The raven lurks at midnight: Black piece contrast needs improvement

I recently became re-obsessed with chess again and decided to try a sensor board, since I’m embarrassingly, extremely bad at basic board vision and thought I might make fewer errors with real pieces. (This is actually true. I still suck horribly and blunder pieces away in embarrassing ways, but I do it marginally less.) I’ve picked up two: the Chessnut Go and the ChessUp 2.

I strongly prefer the ChessUp 2’s independent wi-fi integration with chess.com and full-square lighting. However, I find it much easier to see the pieces themselves on the Chessnut Go’s white-and-gray board. This seems like an “unnecessarily bad” part of the ChessUp’s design.

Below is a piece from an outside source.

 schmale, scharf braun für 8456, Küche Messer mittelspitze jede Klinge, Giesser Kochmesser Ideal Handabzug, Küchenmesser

The color black, by its nature, swallows light and produces little reflection or contrast. Black chess pieces are most visible when they are either a silhouette against a lighter color, or when they are not actually very dark. I think ChessUp 2 either needs a substantially lighter color for its dark squares and frame so the black pieces stand out more, or a substantially lighter color for the black pieces themselves. Lower contrast white pieces (relative to the light squares) are less of a problem in a real-world chess set, since light colors eagerly reflect ambient lighting and emphasize their shape and position by the shadows they cast against themselves; all this contrast is swallowed up on dark black pieces.

Brighter ambient light minimizes this, but I am in a poorly-lit computer room on a matte black desk that barely has space to fit the ChessUp 2, with the furthest row of pieces inevitably in shadow from my overhanging absurdly large computer monitor. Obviously, this is not an ideal place to play chess, but if I was making the kind of decisions that don’t lead to a small townhouse crowded full of unnecessary electronics, I probably wouldn’t have bought the ChessUp in the first place. I am a walking ADHD stereotype.

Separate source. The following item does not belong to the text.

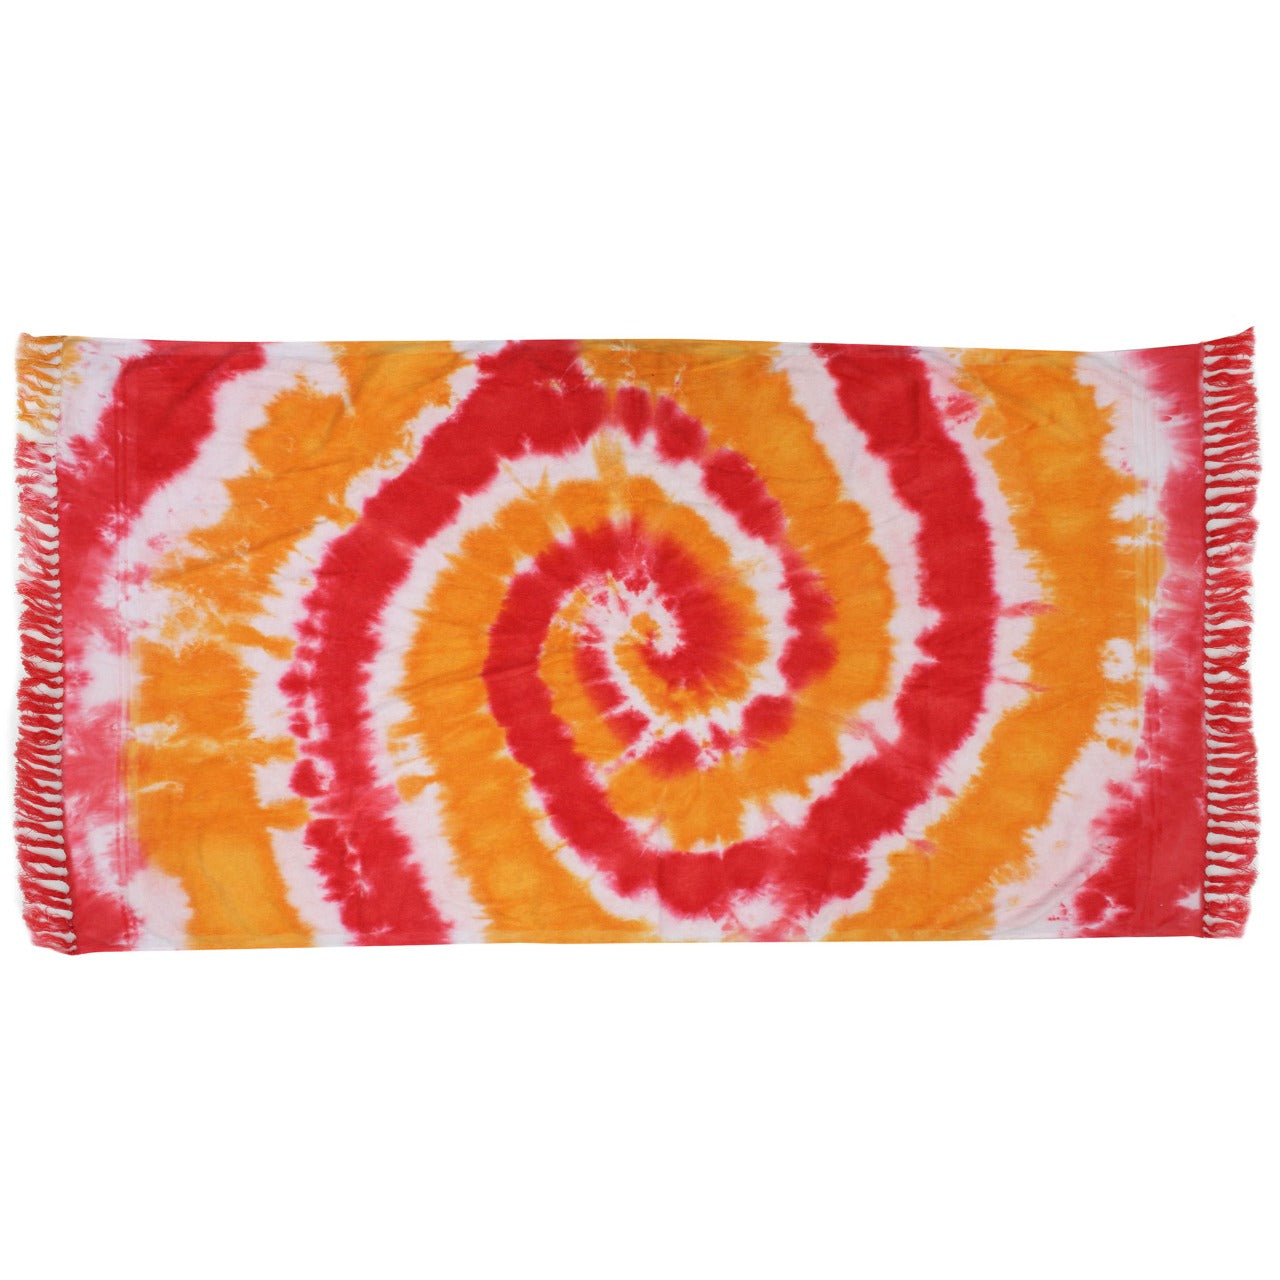 Red/Orange Swirl Tie Dye Beach Towel

Anyway, I think it’s likely that many of your potential customers have similarly poor lighting and crowded spaces. Maybe y’all could consider a future revision or alternative “edition” of the hardware that lightens up the color of the board, the black pieces, or both? If you offer just an alternate color for the black pieces, you could sell that as an optional expansion kit for existing users.

It might be kind of bad for battery life, but if you implemented “background lighting”, an option to illuminate every square at low brightness when it is not highlighted for some other reason, I’d use it. That might be a way to alleviate this without having to invest in manufacturing a bunch of new stuff.

Something an Amazon review for some version of the ChessUp mentioned was difficulty telling the queen from the king at a glance because they both have 8-lobed rounded hats, which they fixed by painting the cross on the king’s crown. I did this (with opaque metallic gel pens, not paint, but it works pretty well) and this did help a good bit. I’ve considered decorating all the pieces in the kit with metallic ink emphasizing the most unique aspects of their shape, but frankly I’m not convinced it wouldn’t just look cheap and tacky, so I’m holding off for now, but if I get more frustrated with visibility I might do it anyway.

Anyway, I’m enjoying the kit – just wish I could see it better!

I was actually surprised no one talked about this complexion issue. I’m kinda worried about it too but I guess being in a really bright room in the right angle gonna pretty much make it so it’s not so bad.

I agree, under certain lighting conditions the black pieces are difficult to differentiate. I considered painting the black pieces a color of some sort. But decided it would look tacky. I would consider purchasing a set of pieces of a different color scheme if they were available. But as of now it is only black and white.

I thought of painting as well, i think that with a gray dye that is meant for plastic it will be okay but im kinda scared to mess it up. I think dark gray is probably the best option.